Cadvisor: Document and Test Cadvisor Overhead

Created on 11 Oct 2016 · 8Comments · Source: google/cadvisor

I was wondering if it is possible to evaluate the overhead induced by cadvisor + storage drivers compared to a non-container solution in terms of memory for example?
I mean is there any tests that handle that?

areperformance aretesting help wanted

Source

mboussaa

👍2

Most helpful comment

Just providing a little data point: we're using cAdvisor in standalone mode across about 1000 instances here. On average, it's using 0.2% of CPU and 20MB of RAM. There are a few outliers of course, but we've never really had problems with cAdvisor performance.

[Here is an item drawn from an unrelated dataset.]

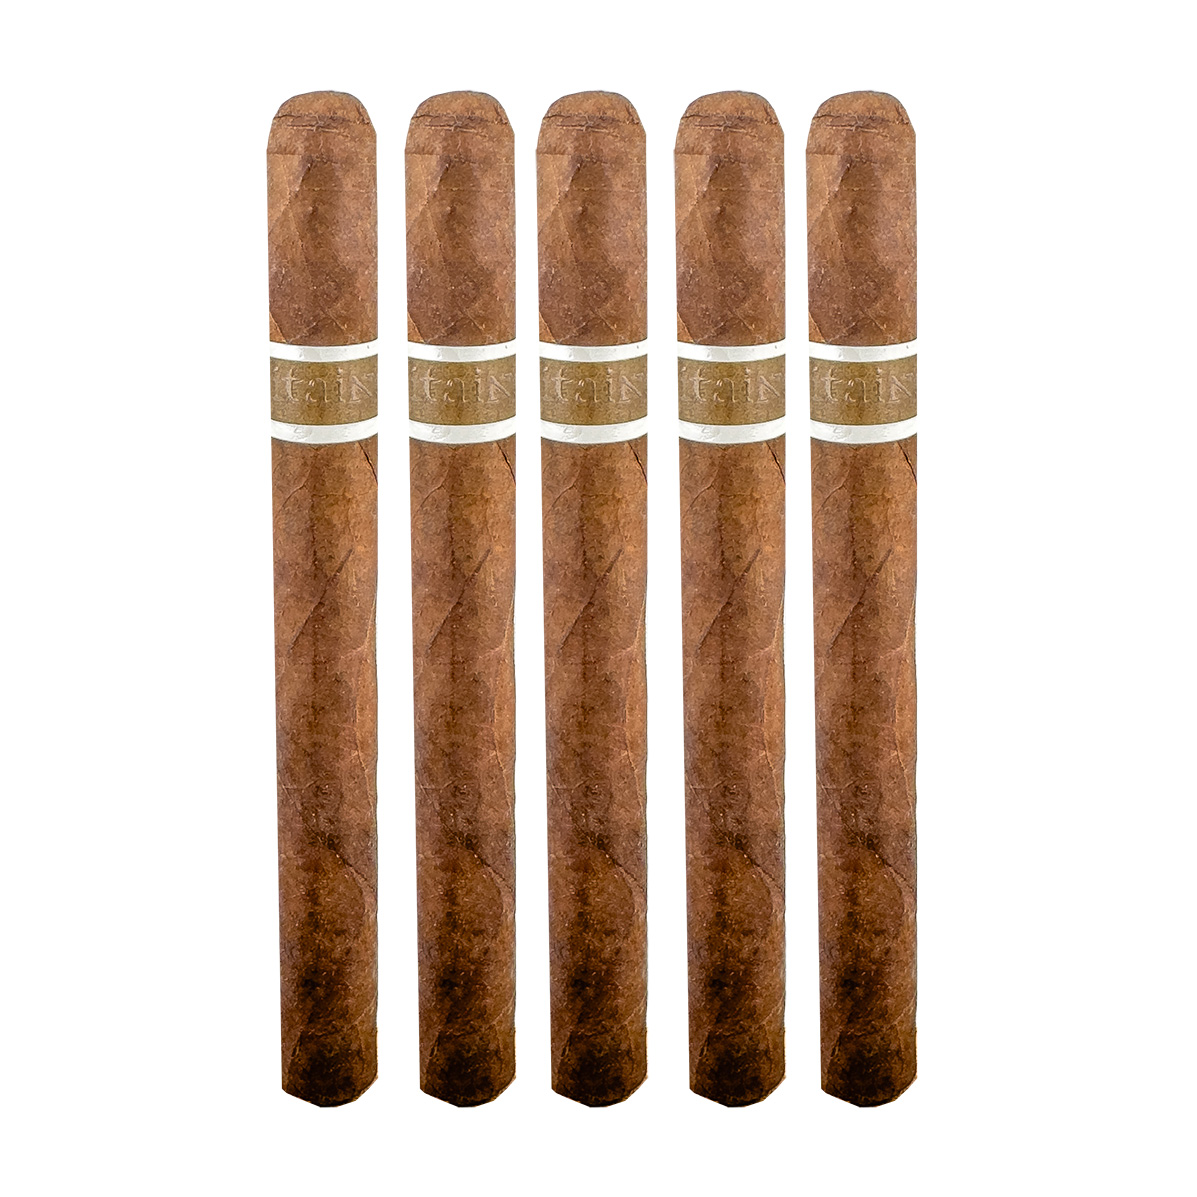 Aquitaine Breuil Panatela Cigar - 5 Pack

As @timstclair mentioned, tuning down the collection interval is helpful here. In our case, we use the following settings:

    "--housekeeping_interval=30s" \
    "--global_housekeeping_interval=2m" \
    "--disable_metrics=disk,tcp" \
    "--enable_load_reader" \
    "--load_reader_interval=5s"

In our experience, the tcp and disk metrics can be very expensive (though that largely depends on what your containers are doing), but the rest (CPU, LA, Memory) is very cheap.

krallin on 28 Nov 2016

👍5

All 8 comments

I'm also wondering if there is a way to run cadvisor so it is more light weight (like other prometheus containers).
The fact that it consumes quite a lot of CPU & RAM, while not being probed or looked at, is concerning and maybe my setup is wrong...

RRAlex on 28 Nov 2016

👍1

@RRAlex I think nobody tested the impact of cAdvisor on system overhead. We have to capture resource usage metrics from cAdvisor and compare them to linux monitoring tools

mboussaa on 28 Nov 2016

👍2

We have done manual profiling of cAdvisor, along with some tuning as part of scalaing Kubernetes. However, for Kubernetes we were only interested in the container manager performance, since we don't run the full standalone version. We decided we could meat our performance goals by lowering the resolution of collected stats. Since most of CPU time is spent scraping metrics, if you decrease the scraping interval from 1s to 10s, it will roughly cut the CPU usage by 90%.

timstclair on 28 Nov 2016

As @timstclair mentioned, tuning down the collection interval is helpful here. In our case, we use the following settings:

    "--housekeeping_interval=30s" \
    "--global_housekeeping_interval=2m" \
    "--disable_metrics=disk,tcp" \
    "--enable_load_reader" \
    "--load_reader_interval=5s"

In our experience, the tcp and disk metrics can be very expensive (though that largely depends on what your containers are doing), but the rest (CPU, LA, Memory) is very cheap.

krallin on 28 Nov 2016

👍5

Perfect. From my side, I tested the memory overhead induced by plugging my containers to cadvisor and influxdb. It was very negligible.
I compared the following values:

the memory usage of my job gathered from cadvisor and saved in influxdb: select max(memory_usage) from stats where...
non-containerized solution: time -v (my job) ... and I gathered the "max resident size"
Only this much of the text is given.